EXERCISE GOAL » All of the lines below need to be copied exactly, apart from the pictures.
── SUPPLIED MATERIAL
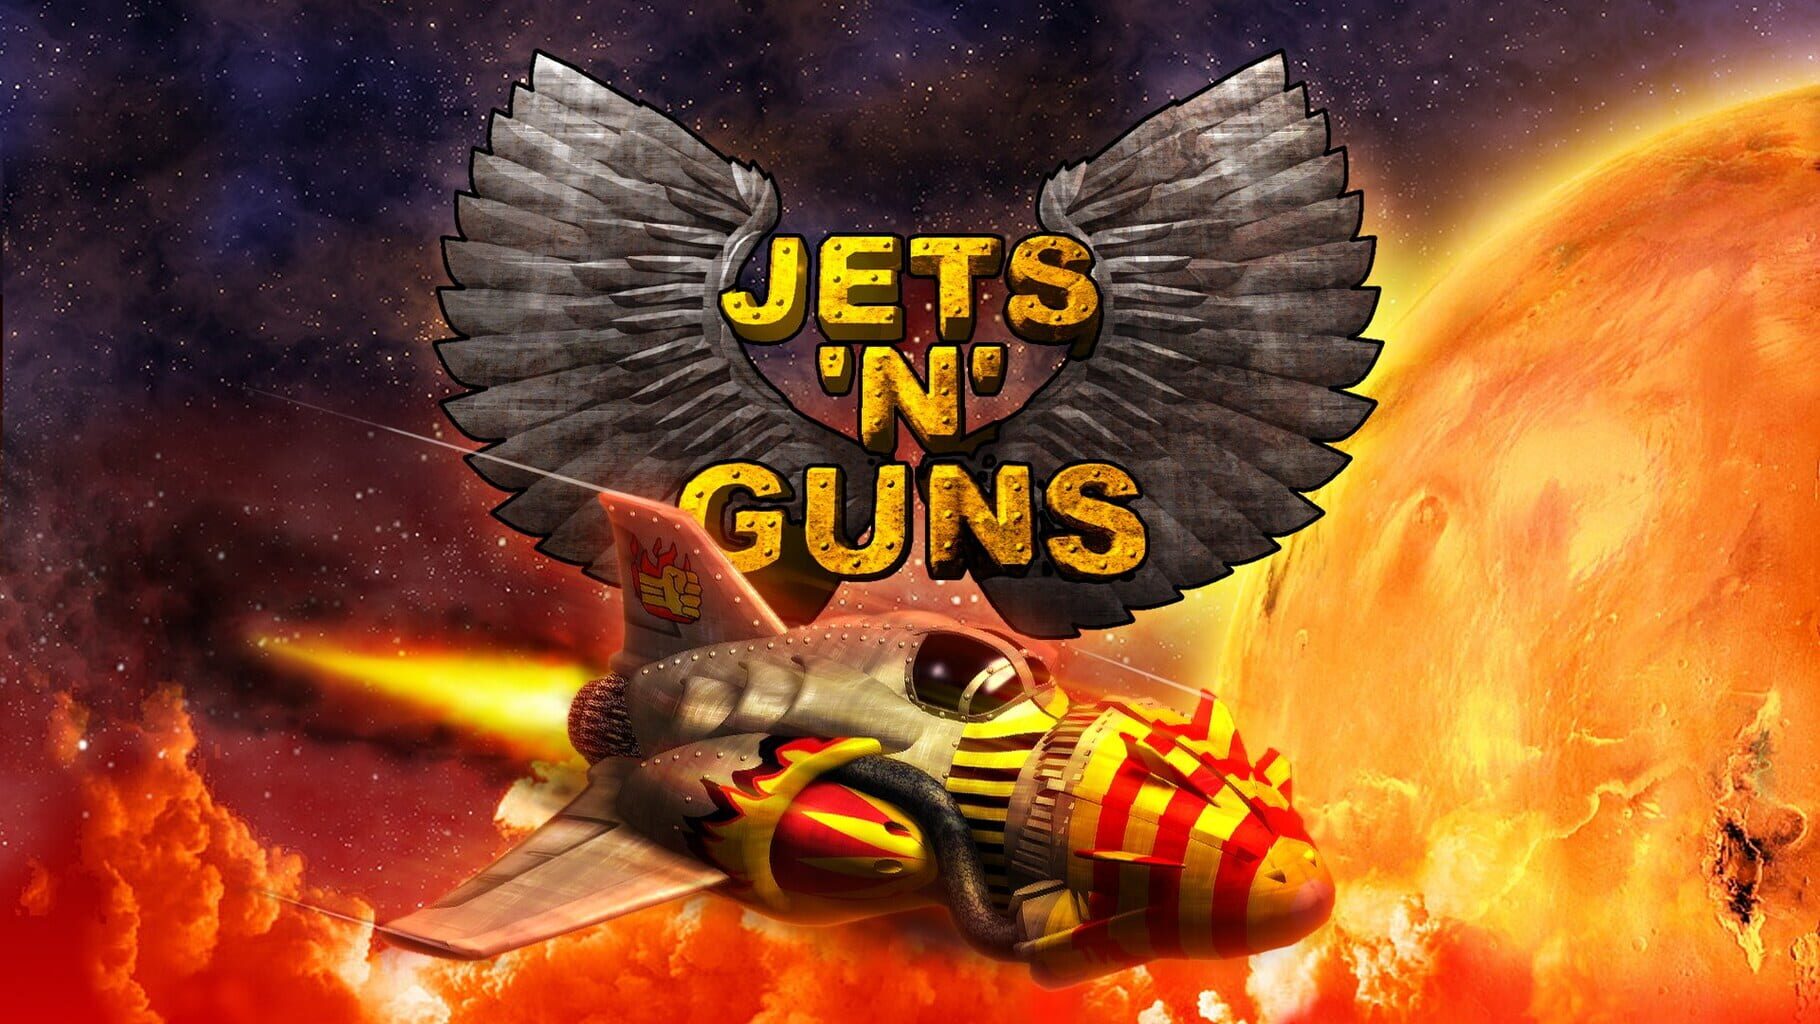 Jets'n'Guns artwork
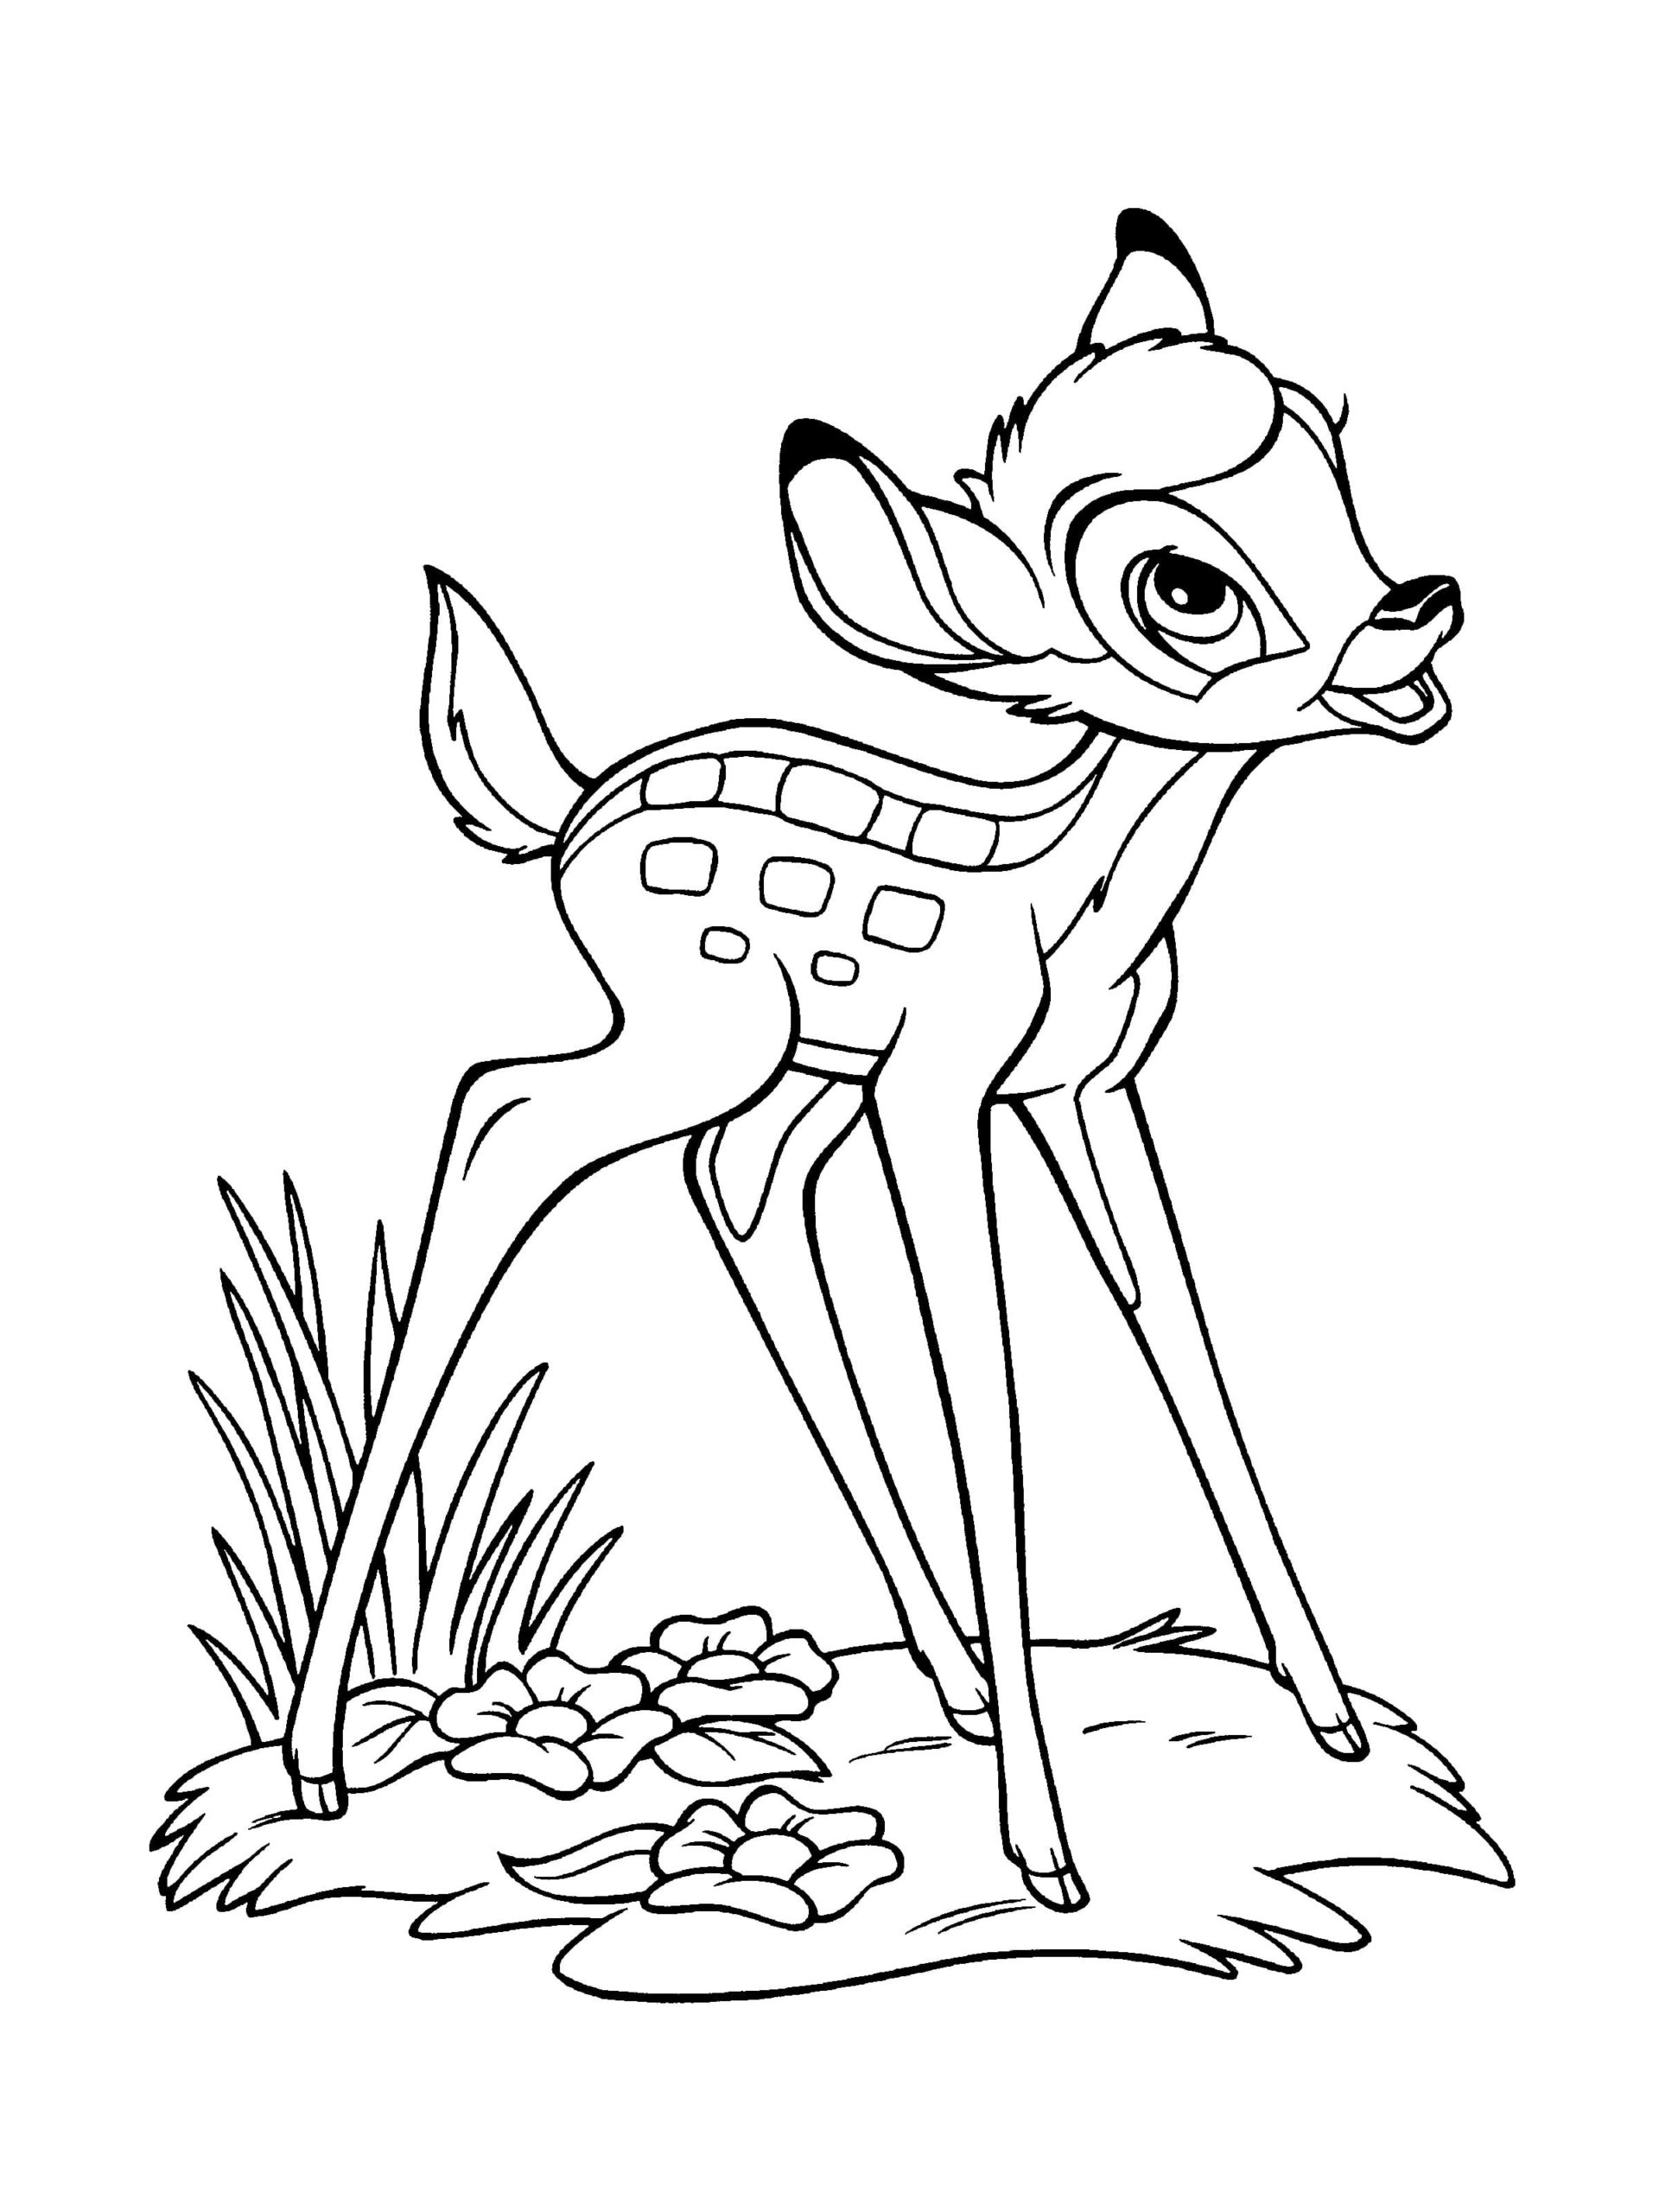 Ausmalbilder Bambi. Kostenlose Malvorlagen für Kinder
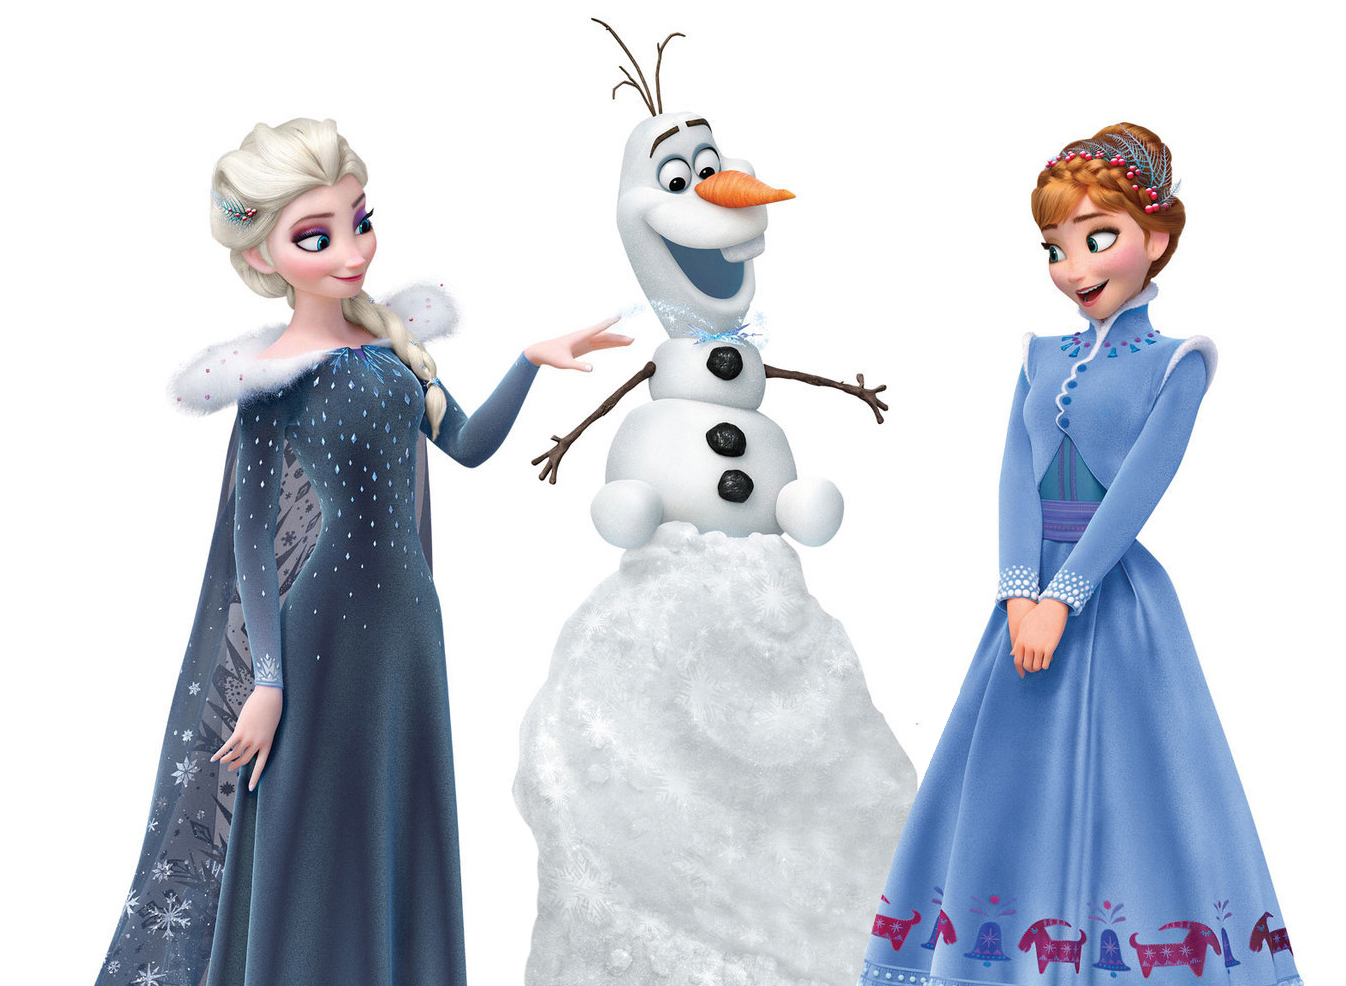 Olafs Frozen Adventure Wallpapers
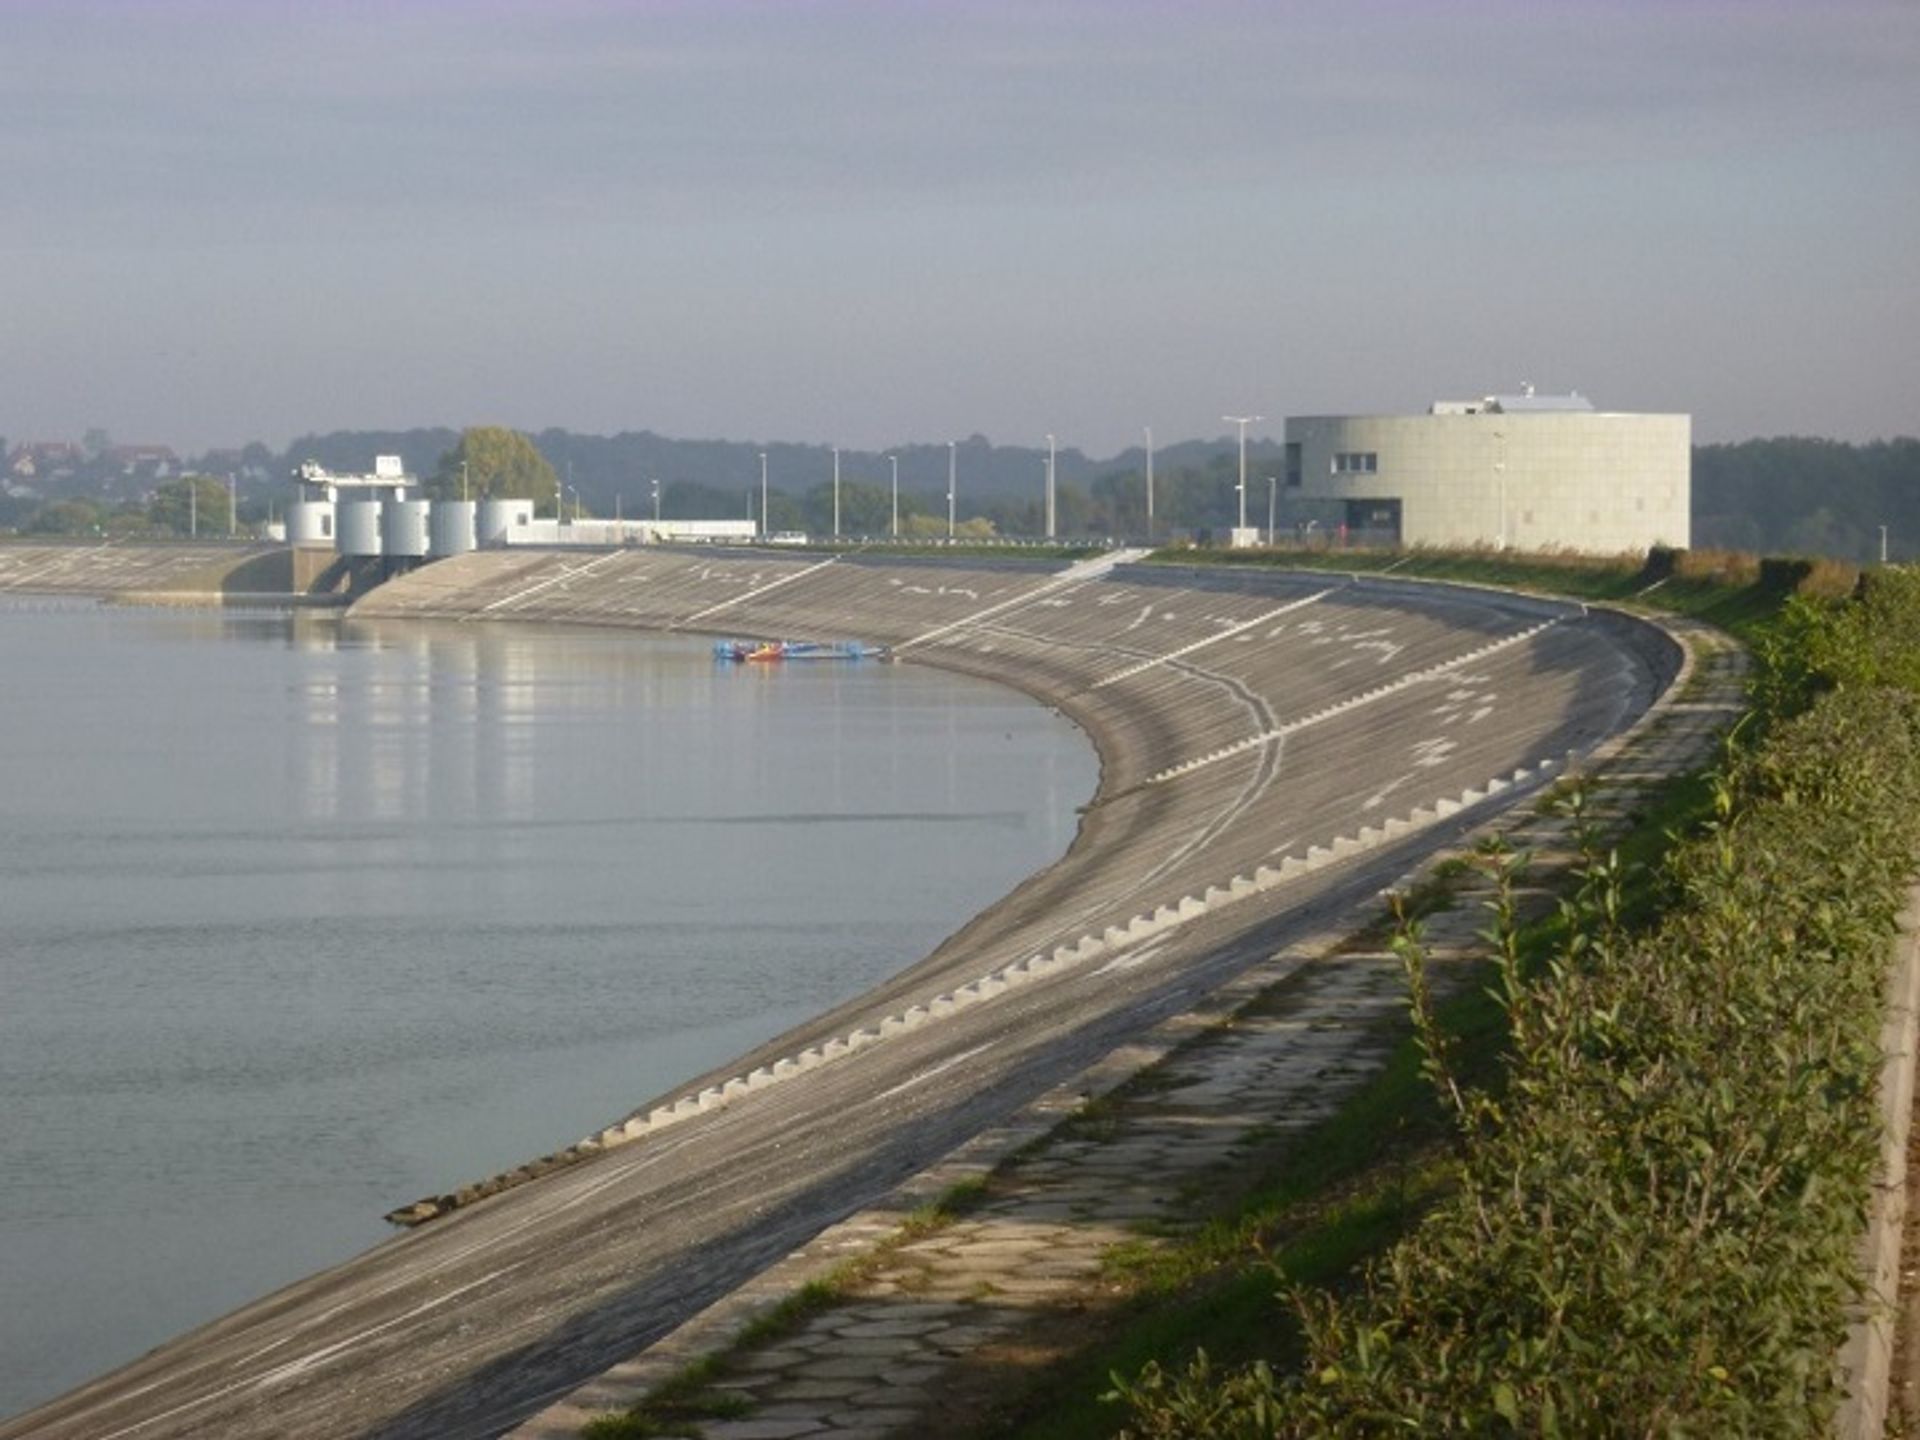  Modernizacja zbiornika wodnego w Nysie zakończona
────
TASK OUTPUT »
 Jets'n'Guns artwork
 Ausmalbilder Bambi. Kostenlose Malvorlagen für Kinder
 Olafs Frozen Adventure Wallpapers
  Modernizacja zbiornika wodnego w Nysie zakończona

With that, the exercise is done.